In etlundquist/eRic: Eric's R functions developed while a summer analytics intern at Enova

Description Usage Arguments Details Value Examples

Calculate an optimal probability threshold for a classification problem based on the actual class distribution, the model predicted probabilities, and the costs/benefits associated with each cell in the confusion matrix.

1	evThreshold(response, pprob, crMatrix, plot.points = 100)

`response`	(numeric) vector of actual class values (as a binary numeric variable)
`pprob`	(numeric) vector of model predicted probabilities
`crMatrix`	(numeric) matrix containing the net revenue associated with each cell in the confusion matrix (see details)
`plot.points`	(integer) number of threshold probabilities to evaluate when making the performance metric plot (see details)

Given actual class values and model predicted probabilities one can optimize the classification threshold with respect to the costs and benefits associated with correctly identifying positive and negative cases, and making Type I and Type II errors. This is useful when overall classification accuracy doesn't align with the goals of the modeling process and you can reasonably estimate the costs and benefits associated with each cell in the confusion matrix. Given this information the optimization problem then becomes one of maximizing the expected value of a new case based on: a. the predictive power of the model; b. the actual class distribution (i.e. proportion of positive cases); c. the benefits and costs associated with the new case ending up in each cell of the confusion matrix. The expected value of a new case can be expressed as:

EV = pr(P) * [TPR*R(TP) - FNR*C(FN)] + pr(N) * [TNR*R(TN) - FPR*C(FP)]

Where:

pr(P) - proportion of positive cases
pr(N) - proportion of negative cases
TPR - True Positive Rate
R(TP) - Revenue/Utility associated with a True Positive
FNR - False Negative Rate
C(FN) - Cost/Utility associated with a False Negative
TNR - True Negative Rate
R(TN) - Revenue/Utility associated with a True Negative
FPR - False Positive Rate
C(FP) - Cost/Utility associated with a False Positive

You need to specify the benefits/costs associated with each confusion matrix cell in crMatrix where the rows correspond to actual class values and the columns correspond to predicted class values. This implies crMatrix[2,2] is the benefit associated with correctly identifying positive cases, and crMatrix[1,2] is the cost associated with mistakenly classifying a negative case as a positive one.

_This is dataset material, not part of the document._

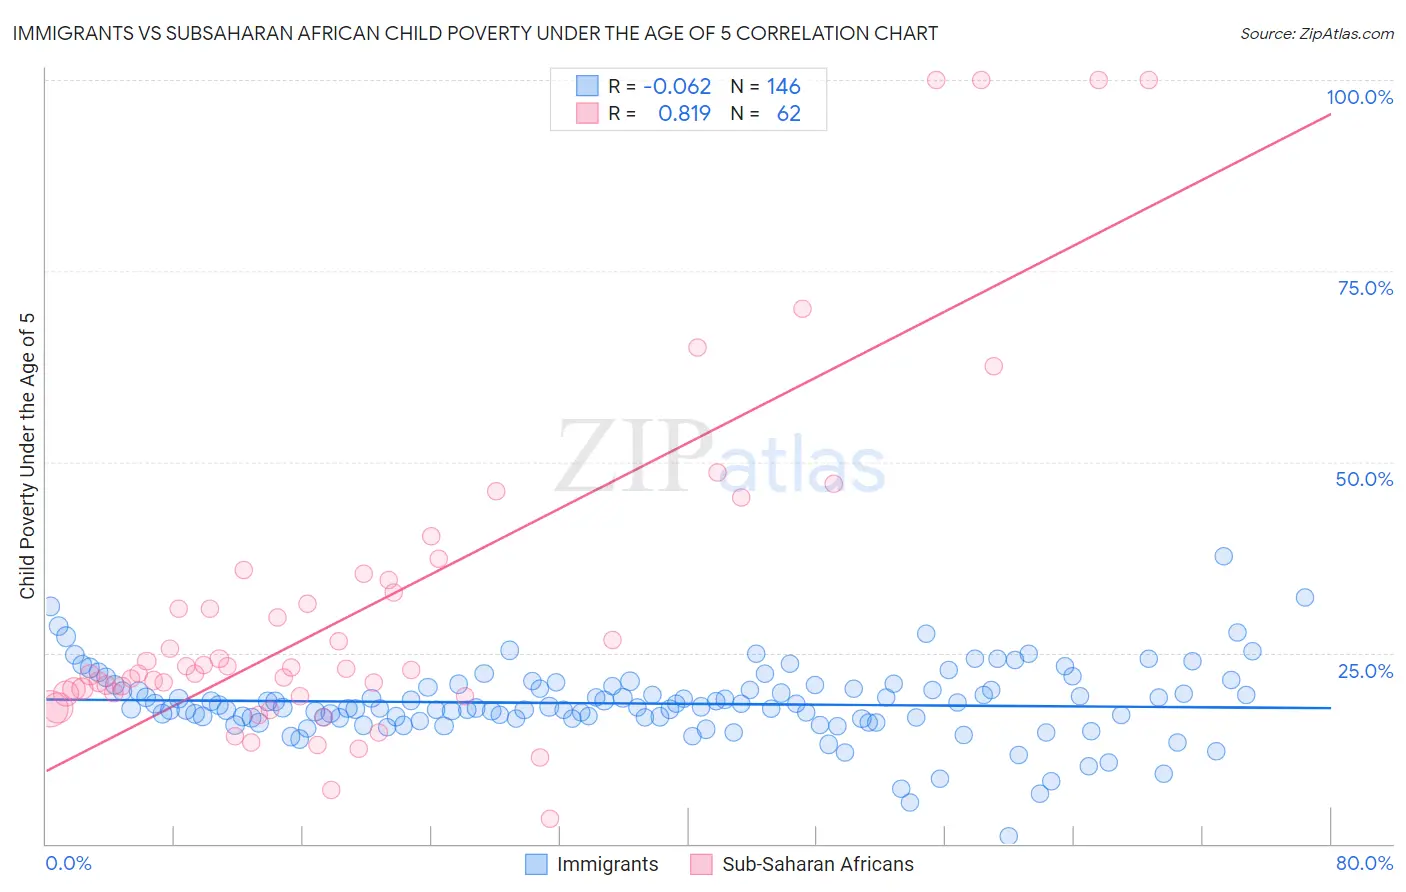 Immigrants vs Subsaharan African Child Poverty Under the Age of 5

Diagonal entries (benefits) will typically be greater than or equal to zero, and off-diagonal entries (costs) will typically be less than or equal to zero (costs expressed as negative numbers).

The function will return the optimal classification threshold, the unit expected value given that threshold, and a ggplot2 object containing series for Sensitivity, Specificity, Accuracy, and Normalized Expected Value with respect to different probability thresholds. The expected value series is normalized to [0,1] so that it can be displayed on the same plot as the other metrics.

a list containing the following elements:

best.threshold - optimal probability threshold
best.ev - unit expected value given the optimal probability threshold
plot.metrics - a plot showing various performance metrics with respect to cutoff threshold

library(gbm)
library(caret)
data(GermanCredit, package = 'caret')

credit <- GermanCredit
credit$Class <- as.numeric(credit$Class == 'Good')
credit  <- credit[,-nearZeroVar(credit)]
gbm.fit <- gbm(Class ~ ., data = credit, n.trees = 100, shrinkage = 0.1, cv.folds = 5, distribution = 'bernoulli')
pprob   <- predict(gbm.fit, n.trees = gbm.perf(gbm.fit), type = 'response')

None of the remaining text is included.